2.2 - Sample Size Determination

The estimation approach to determining sample size addresses the question: "How accurate do you want your estimate to be?" In this case, we are estimating the difference in means. This approach requires us to specify how large a difference we are interested in detecting, say B for the Bound on the margin of error, and then to specify how certain we want to be that we can detect a difference that large. Recall that when we assume equal sample sizes of n, a confidence interval for \(\mu_1-\mu_2\) is given by:

\(\left\{\bar{Y}_1-\bar{Y}_2 \pm t(1-\alpha/2;df)\cdot s\cdot \sqrt{\frac{2}{n}}\right\}\)

Where n is the sample size for each group, and df = n + n - 2 = 2(n - 1) and s is the pooled standard deviation. Therefore, we first specify B and then solve this equation:

\(B=t(1-\alpha/2;df)\cdot s\cdot \sqrt{\frac{2}{n}}\)

for n. Therefore,

\(n=\left[t(1-\alpha/2;df)\cdot s\cdot \frac{\sqrt{2}}{B}\right]^2=\left[\dfrac{t^2(1-\alpha/2;df)\cdot s^2\cdot 2}{B^2}\right]\)

Since in practice, we don't know what s will be, prior to collecting the data, we will need a guesstimate of \(\sigma\) to substitute into this equation. To do this by hand and we use z rather than t since we don't know the df if we don't know the sample size n - the computer will iteratively update the d.f. as it computes the sample size, giving a slightly larger sample size when n is small.

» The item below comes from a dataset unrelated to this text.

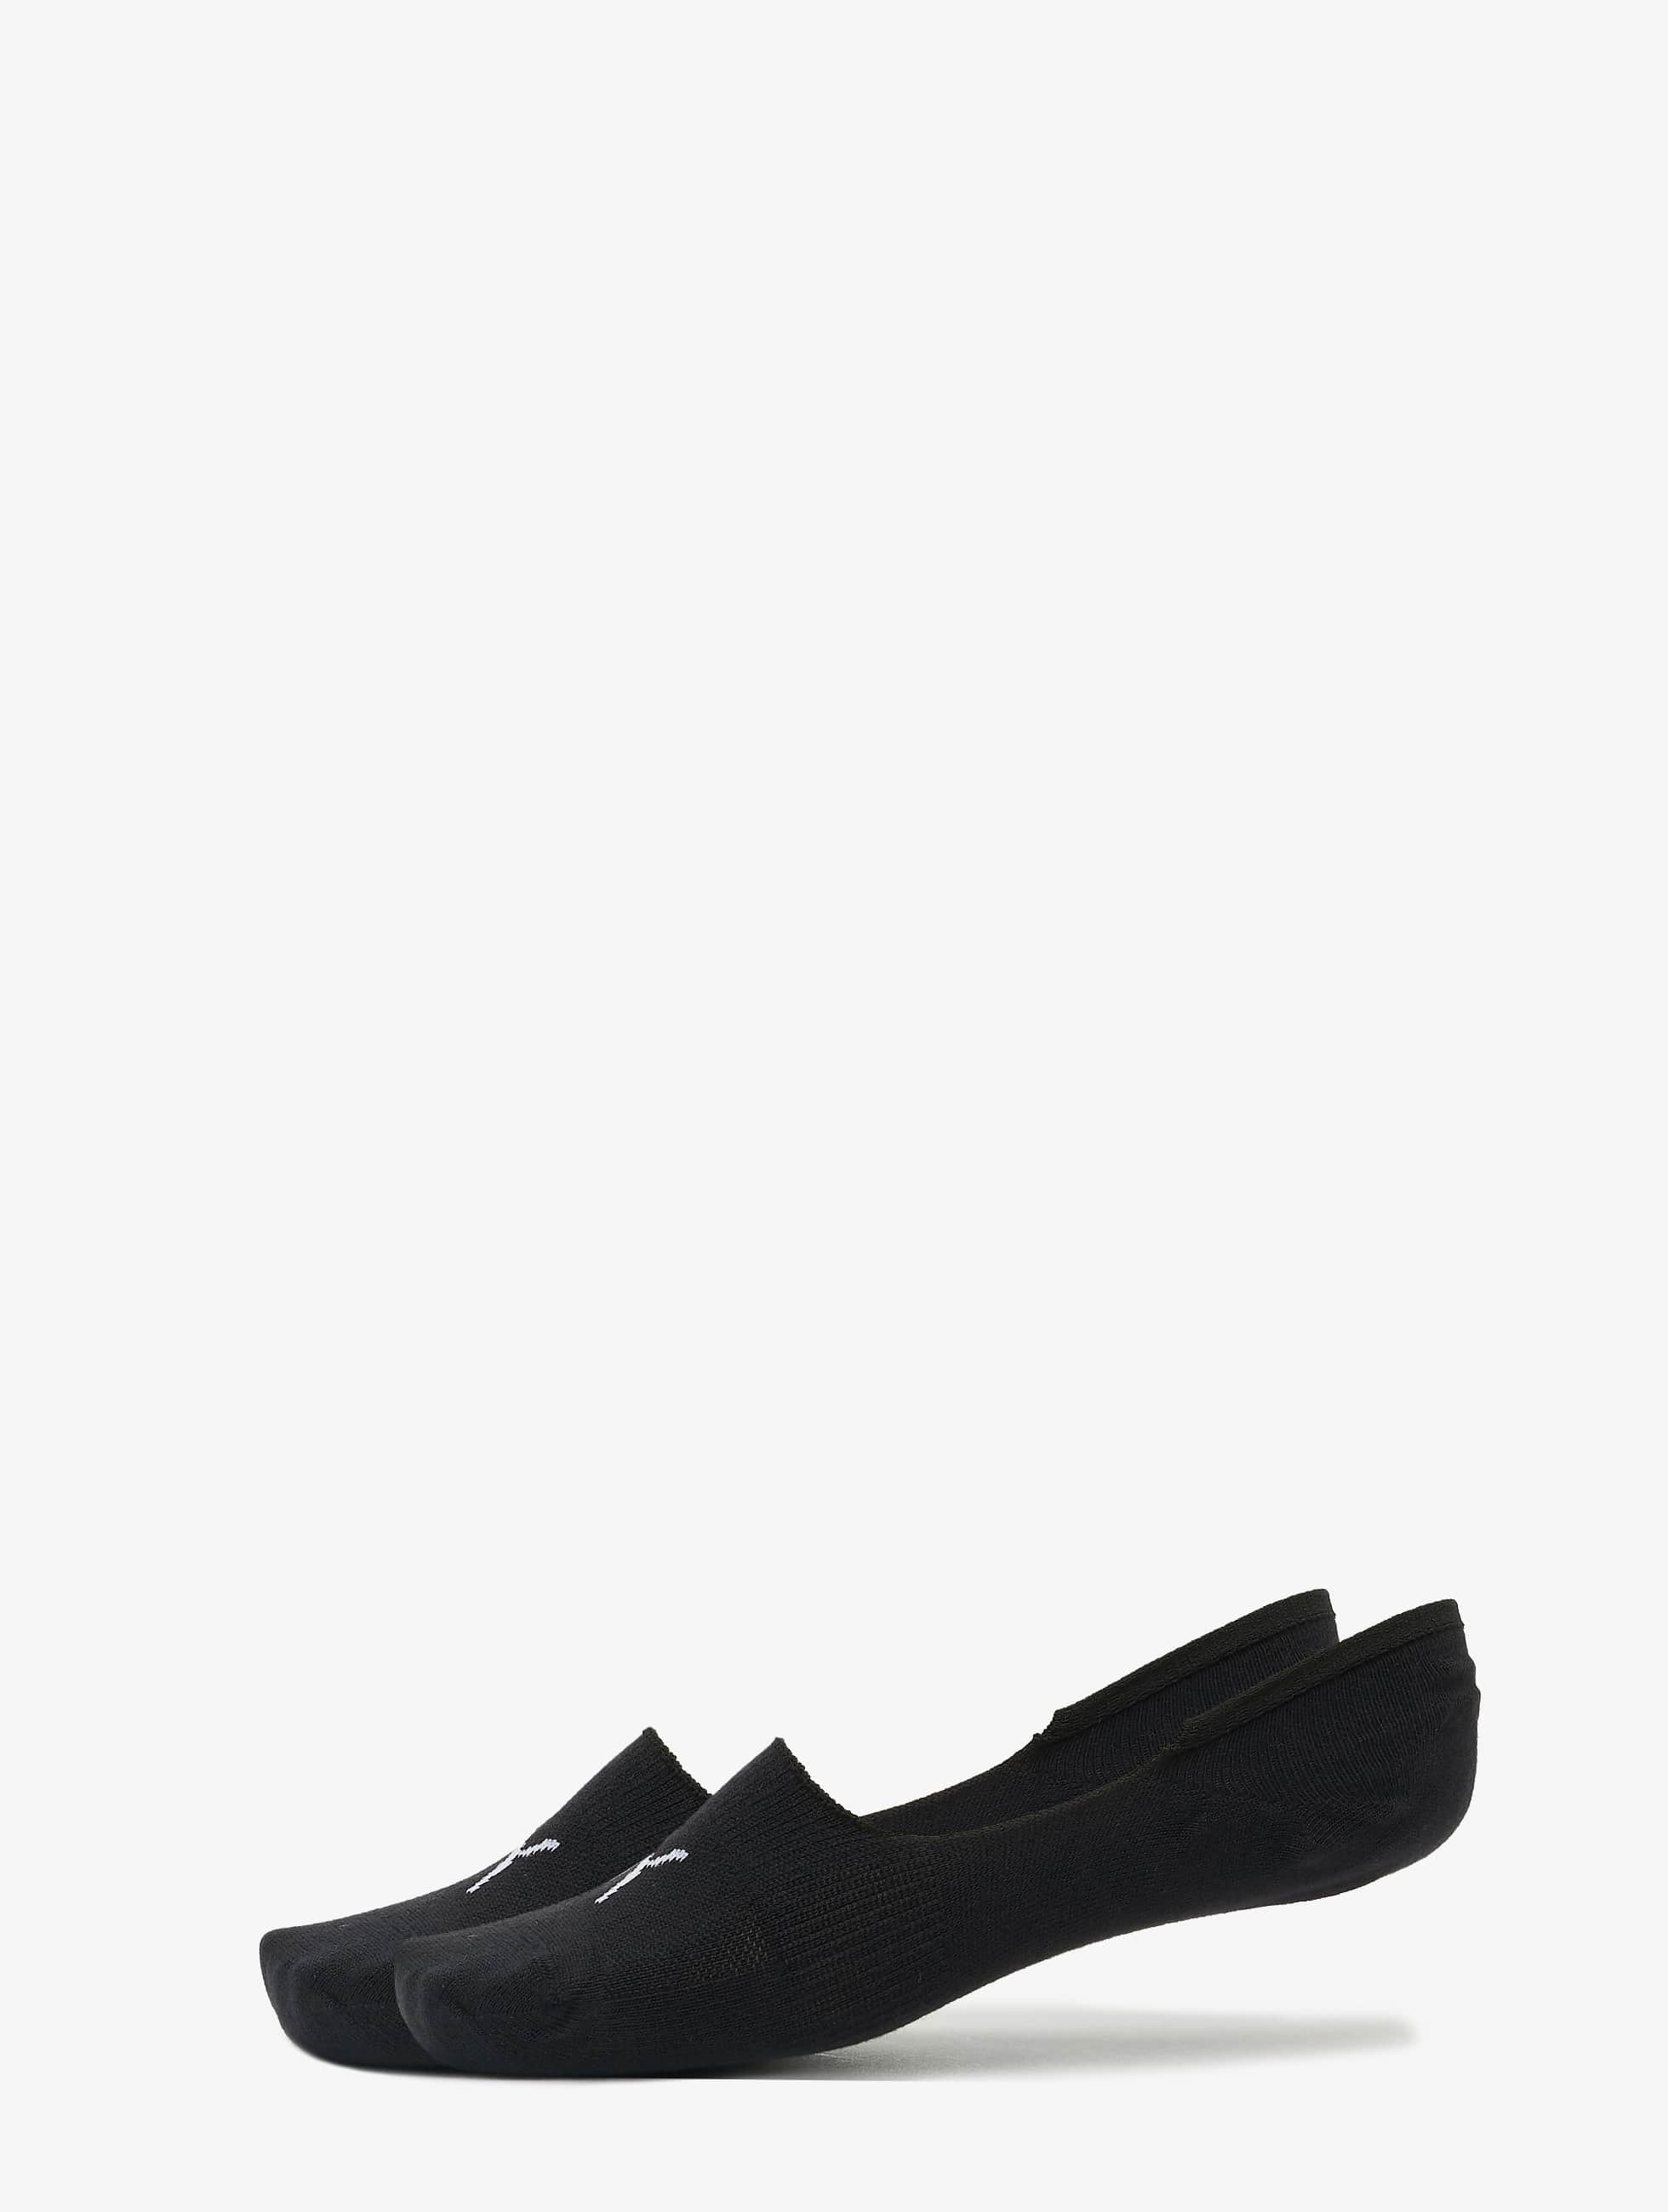 Puma Chaussettes 2-Pack Footies noir

So we need to have an estimate of \(\sigma^2\), a desired margin of error bound B, that we want to detect, and a confidence level 1-\(\alpha\). With this, we can determine the sample size in this comparative type of experiment. We may or may not have direct control over \(\sigma^2\), but by using different experimental designs we do have some control over this and we will address this later in this course. In most cases, an estimate of \(\sigma^2\) is needed in order to determine the sample size.

One special extension of this method is when we have a binomial situation. In this case where we are estimating proportions rather than some quantitative mean level, we know that the worst-case variance, p(1-p), is where p (the true proportion) is equal to 0.5 and then we would have an approximate sample size formula that is simpler, namely \(n = 2/B^2 \text{ for } \alpha = 0.05\).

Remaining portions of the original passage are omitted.